■ **DATA PROVIDED**
---

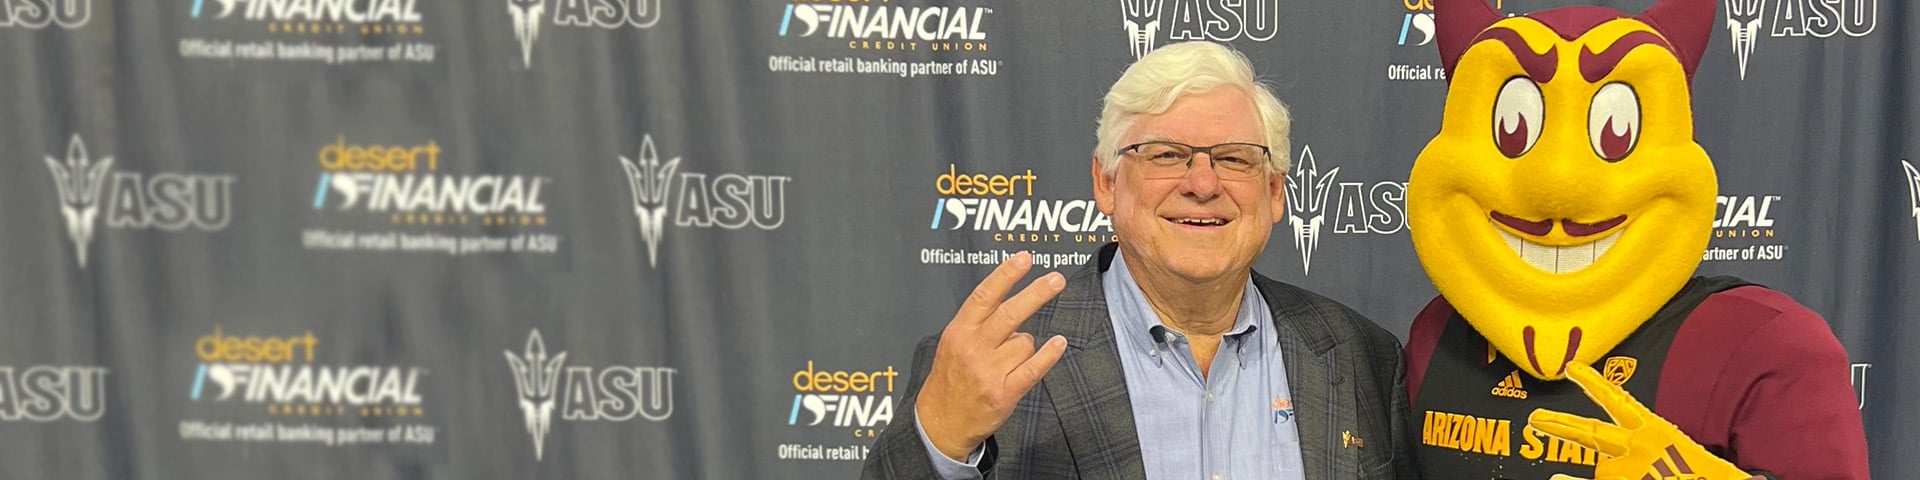 Jeff Meshey (left) proudly displaying the 'Fork 'em Devils' hand sign, standing alongside Sparky the Sun Devil Mascot, against a backdrop celebrating the partnership between Desert Financial and Arizona State University.
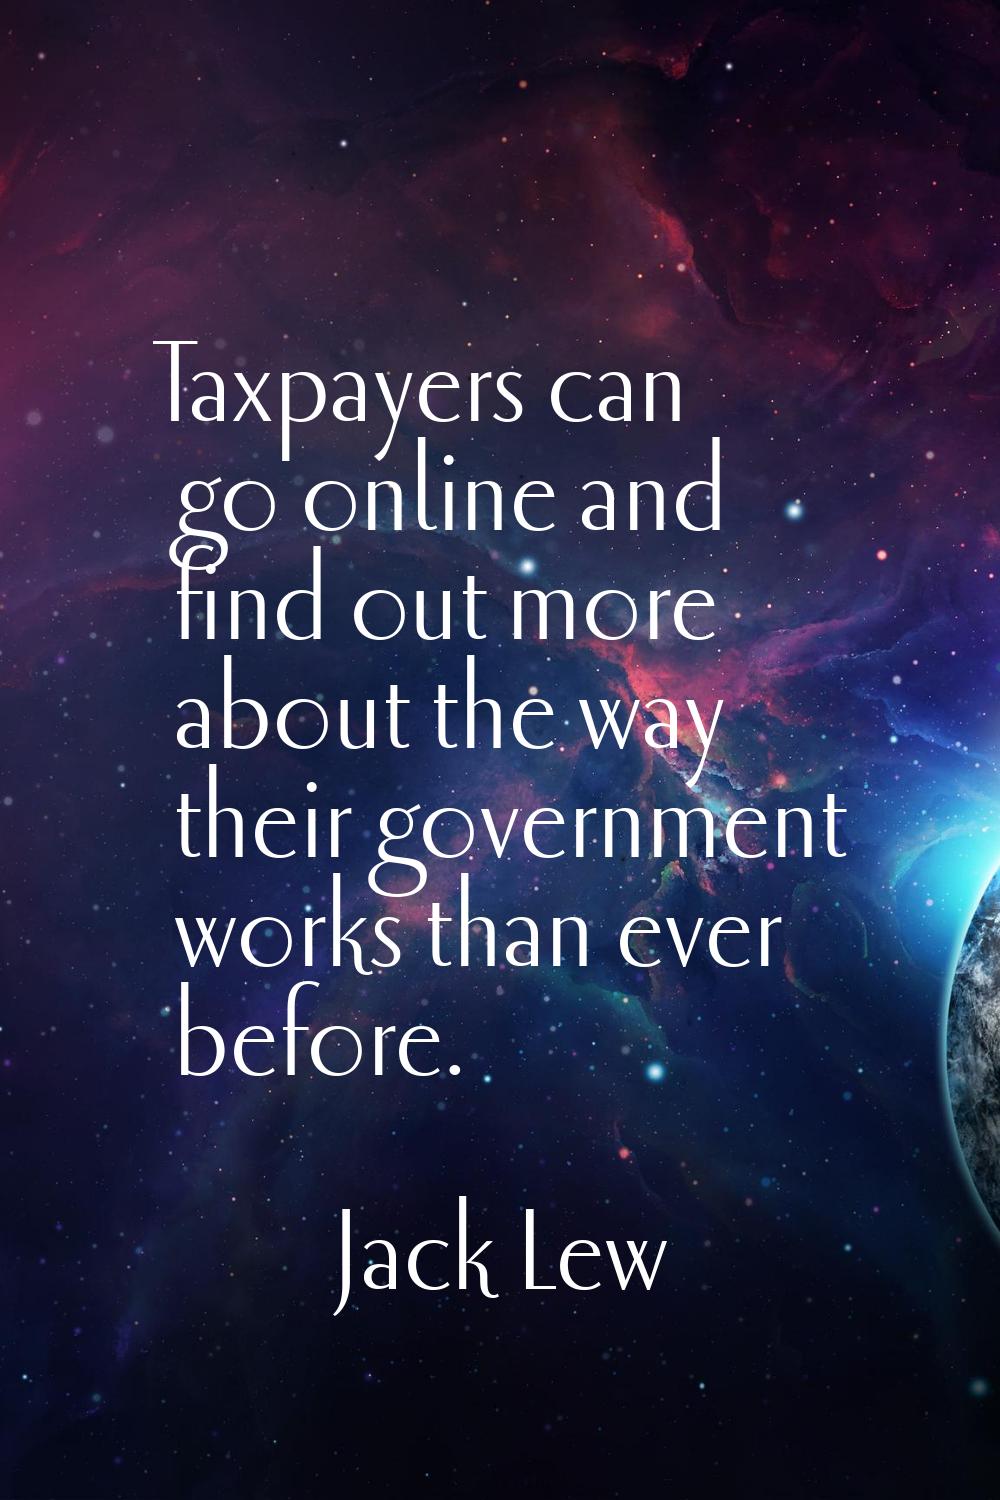 Taxpayers can go online and find out more about the way their government works than ever before.
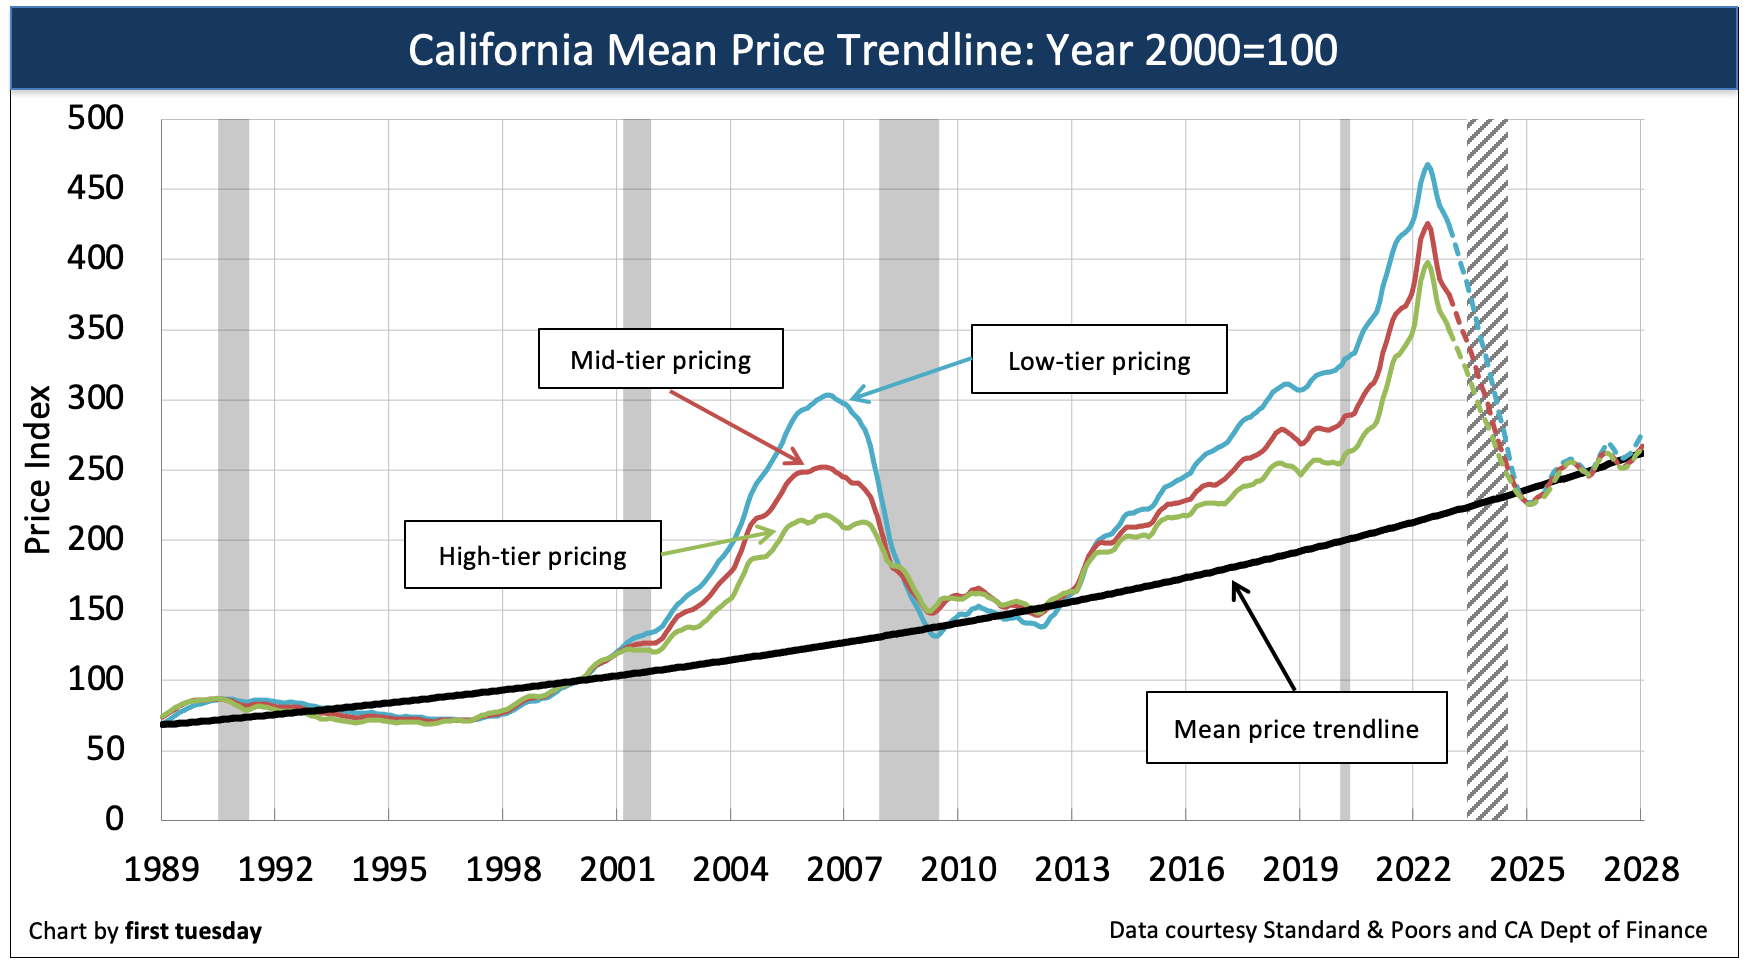 This chart shows home prices in California's three price tiers, alongside the mean price trendline. It shows a forecast for home prices through 2028.

---

■ **TASK INSTRUCTIONS**
Please reproduce the material above word for word, without its images.

■ **ANSWER BELOW**
 Jeff Meshey (left) proudly displaying the 'Fork 'em Devils' hand sign, standing alongside Sparky the Sun Devil Mascot, against a backdrop celebrating the partnership between Desert Financial and Arizona State University.
 Taxpayers can go online and find out more about the way their government works than ever before.
 This chart shows home prices in California's three price tiers, alongside the mean price trendline. It shows a forecast for home prices through 2028.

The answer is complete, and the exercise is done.